Proxy plan The central government has been holding several behind-the-scenes meetings with relevant ministries, including the defense, justice and land ministries. The entities are preparing for the possibility that Tamaki may continue to refuse to approve the design changes. In such a case, the Land, Infrastructure, Transport and Tourism Ministry would, for example, make official recommendations to the prefecture. If the prefecture did not accept the recommendations, the central government would file a lawsuit seeking to have the land minister serve as a substitute in place of the governor to approve the changes. Some within the central government thought it would be better to refrain from pursuing this course of action for the time being, instead seeking common ground by considering a dialogue between the two sides.
“Just because the Supreme Court handed down the ruling, it wouldn’t be good for the central government to unilaterally push ahead with its claims,” said a senior official in the Cabinet Secretariat. As long as Okinawa continued to stonewall the relocation plan, however, opinion grew within the central government that any dialogue would only allow the prefecture to stall. So Matsuno, who is also the minister in charge of mitigating the impact of U.S. forces in Okinawa, finally decided against a soft stance. The central government wants to begin shoring up the banks and other work for the resumption of the reclamation project by March next year. A senior central government official thinks that the legal procedures to install a proxy would take several months. If, however, Tamaki accepts the top court ruling and approves the changes, it is possible the reclamation work will resume this year.
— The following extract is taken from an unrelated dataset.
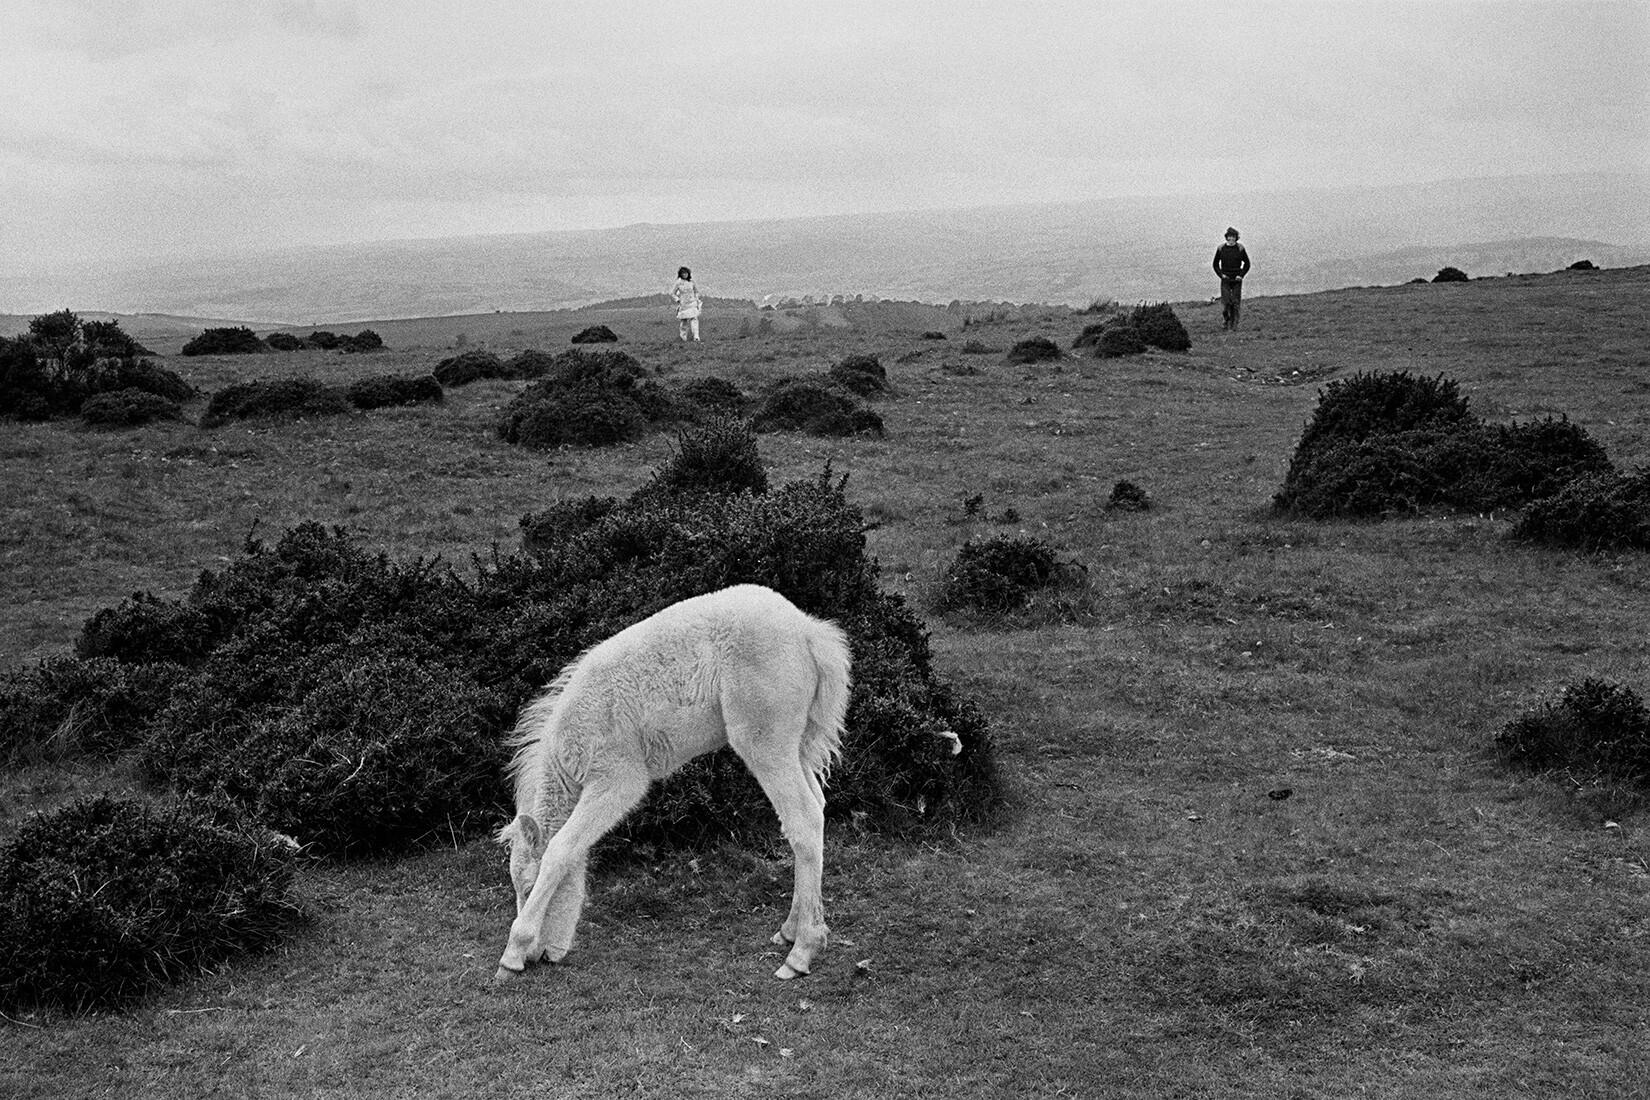 Дикий пони и туристы. Блэк-Маунтинс, Уэльс, Великобритания, 1974. Фотограф Дэвид Хёрн

Base burden The court battle between the central and prefectural governments was triggered in October 2015 by the cancellation of the approval of the reclamation work by then Gov. Takeshi Onaga. The central government aims to complete the reclamation work in another 12 years or so. The work is facing difficulties as it will be necessary to drive about 70,000 piles to a depth of up to 70 meters below sea level to reinforce the weak seabed. The return of Futenma Air Station has been delayed significantly. Initially, the return was supposed to take place in the fiscal year ending March 2023.
Now, it is expected in the mid-2030s. The related costs, which were estimated at more than ¥350 billion, have ballooned to about ¥930 billion. With the seemingly rising possibility of China launching an invasion of Taiwan, Okinawa’s strategic importance in maintaining the U.S. military’s deterrence effect is growing. For the time being, it is inevitable that Futenma Air Station, which is surrounded by an urban agglomeration and has been described as “the most dangerous base in the world,” continues to be in use. The central government is faced with the task of accelerating the relocation plan and stepping up efforts to reduce U.S. base-related burdens on Okinawa.